» What the task asks:
Look below for the line with "A stainless steel", then repeat it and all lines after it, exactly, minus any pictures.

» Dataset excerpt:

****

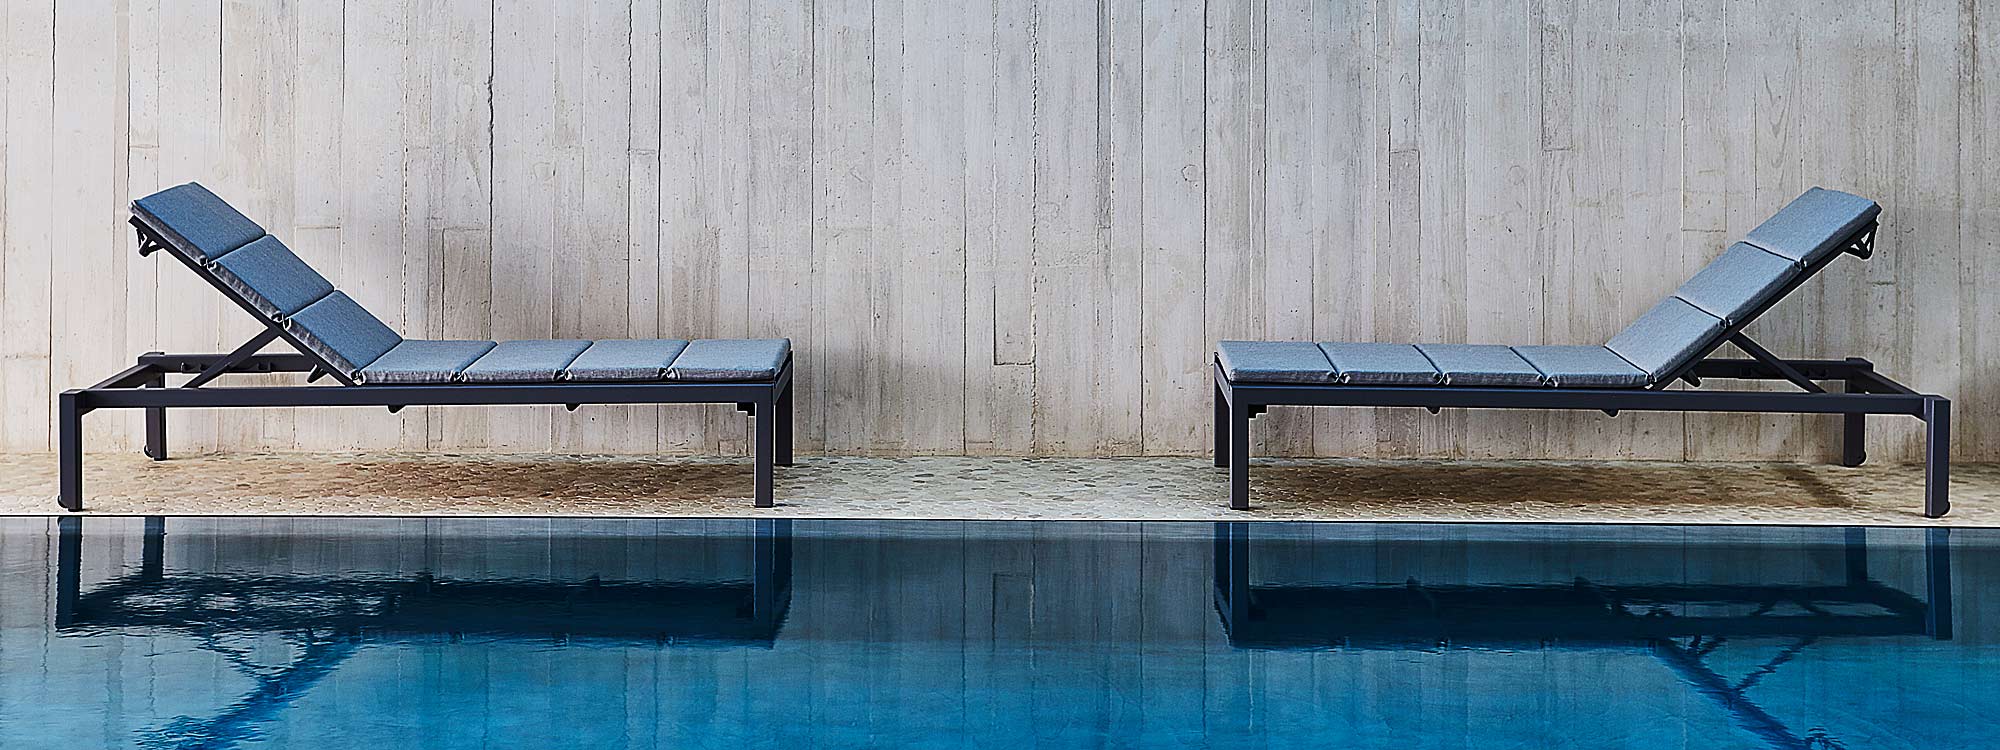 Image of pair of Cane-line Relax modern sun beds on poolside in front of poured concrete wall
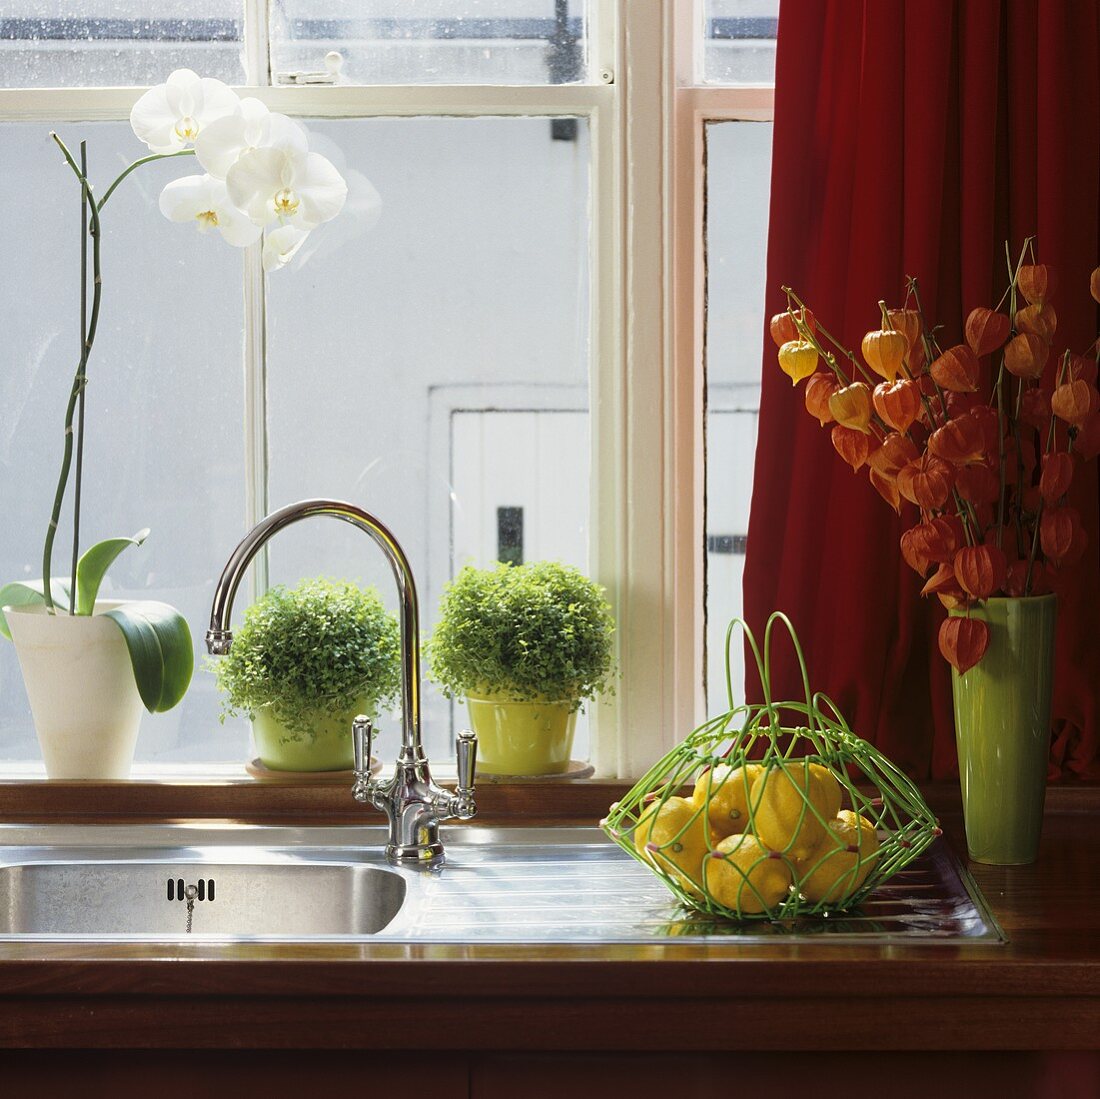 A stainless steel sink with vintage taps and pots of herbs on the window sill
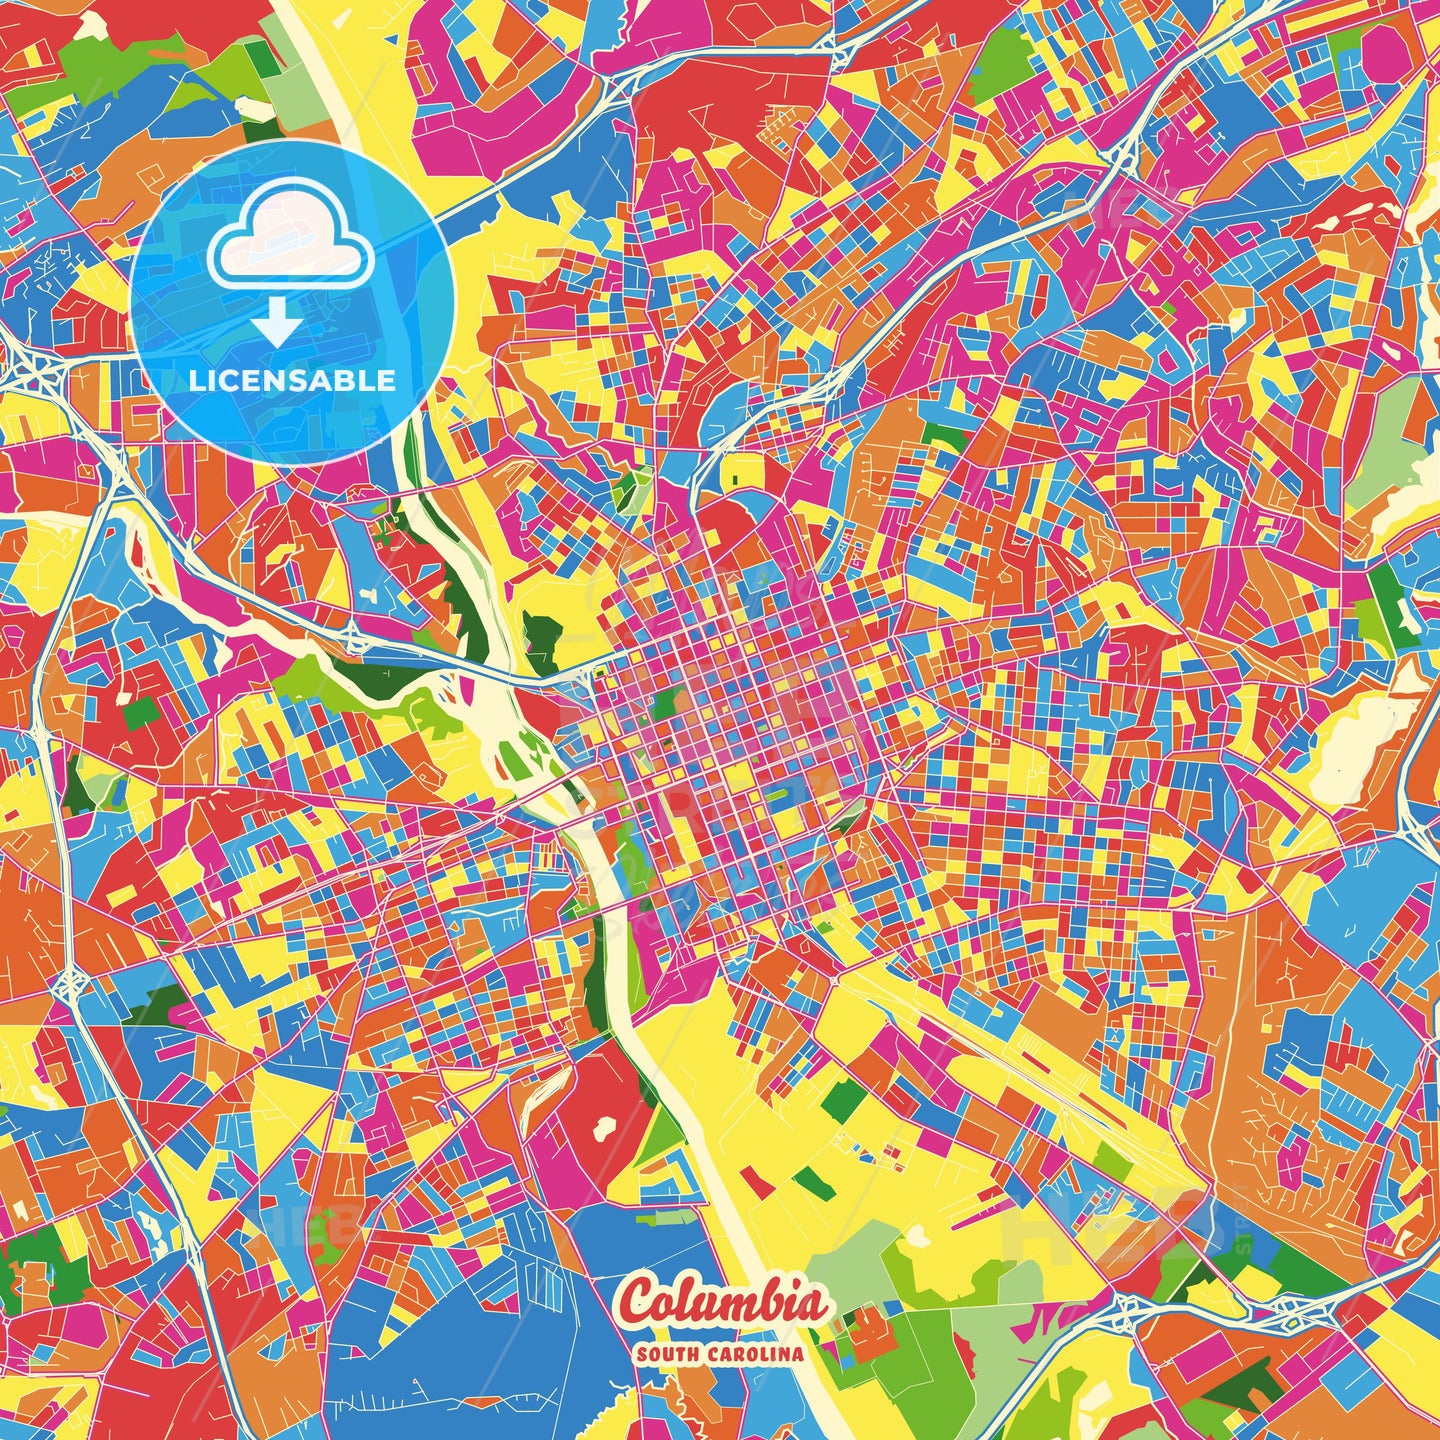 Columbia, United States Crazy Colorful Street Map Poster Template - HEBSTREITS Sketches

****

» Finished exercise:
 A stainless steel sink with vintage taps and pots of herbs on the window sill
 Columbia, United States Crazy Colorful Street Map Poster Template - HEBSTREITS Sketches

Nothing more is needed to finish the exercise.